I like to ride ATV's, but it's not like we are exactly short on places to ride here. Not everyone who enjoys the outdoors uses ATV's and those few riders that are constantly going off trail are not doing the rest of us any favors when it comes to issues like this.

I'm of the mindset that even if someone uses the outdoors differently than I do, their right to do so should be protected even if that means regulating things differently in different areas. I don't agree with many of the ideas espoused by the Sierra Club, but that also doesn't automatically invalidate them either. It's more dangerous when we don't have a voice of opposition in my opinion.


----------



## #1DEER 1-I (Sep 10, 2007)

ATV trails don't need to be in every canyon and on every ride line. I support places closed to vehicle access, how can you get away with no place to get away to? I don't think this at all constitutes a title about an attack on our public lands.


----------



## Hoopermat (Dec 17, 2010)

Reading this article that was written by a agenda driven reporter is not going to give you all the information. The open miles of trails is a smoke and mirrors trick.

http://a123.g.akamai.net/7/123/1155...i.com/11558/www/nepa/99725_FSPLT3_2427598.pdf


----------



## Kwalk3 (Jun 21, 2012)

I'll admit I didn't read the whole thing, but from what I have gleaned from it, including the tables you referenced about the options, I still don't take issue with what is being proposed. Is it the 97 miles of unauthorized trails being closed down that's causing a stir? Because I think that is a good thing. 
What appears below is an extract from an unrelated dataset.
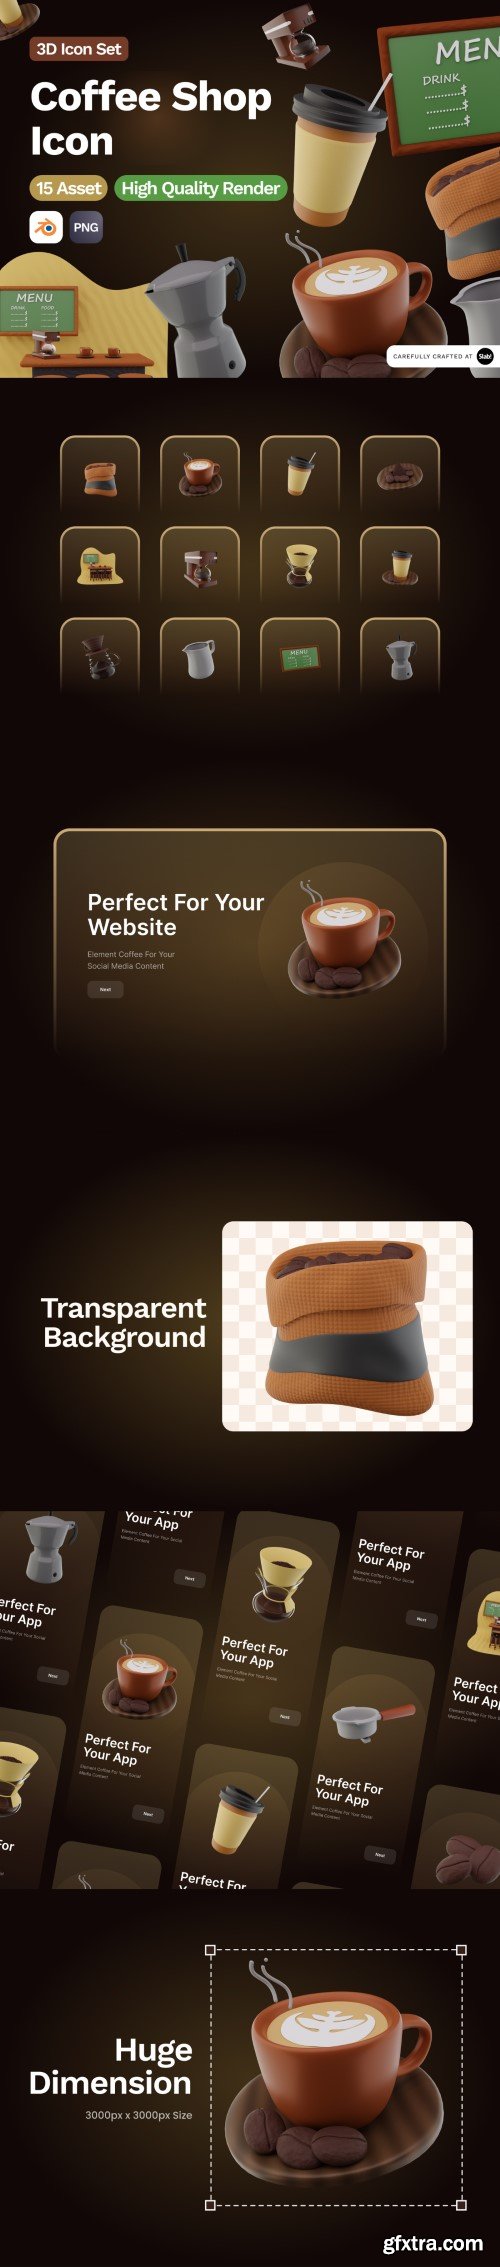 UI8 - 3D Coffee Shop Icon

Seems to me like the atv guys aren't happy and neither is the Sierra club. Smells like a good compromise to me.....


----------



## Dukes_Daddy (Nov 14, 2008)

Your header should read "Utah's public lands under attack by lazy arsed ATV riders and Sierra Club trying to get Forest Service to protect OUR lands".


----------



## Packfish (Oct 30, 2007)

Not a huge Sierra Club fan- but it seems to boil down to the same reason this happens with other activities- lack of self regulating- from jet skiers to 4 wheelers to Dirt bikes and so on. The groups see things that shouldn't be going on and let it go. Just like about everything else you see in our so called ' enlightened free to be society"


----------



## paddler (Jul 17, 2009)

I would favor more restrictions on ATV use and far more enforcement. Irresponsible use is a huge problem. Use the quads that God gave you.


----------



## rjefre (Sep 8, 2007)

I agree that the title of this thread is way more misleading that the title of the article. After reading the article, it sounds like a bunch of ATV folks like to go off-trail and are ruining it for everyone else. It also sounds like the Sierra Club would like to see more Forest Service folks out in the area to enforce the existing laws. I see nothing provocative in this information. 
R


----------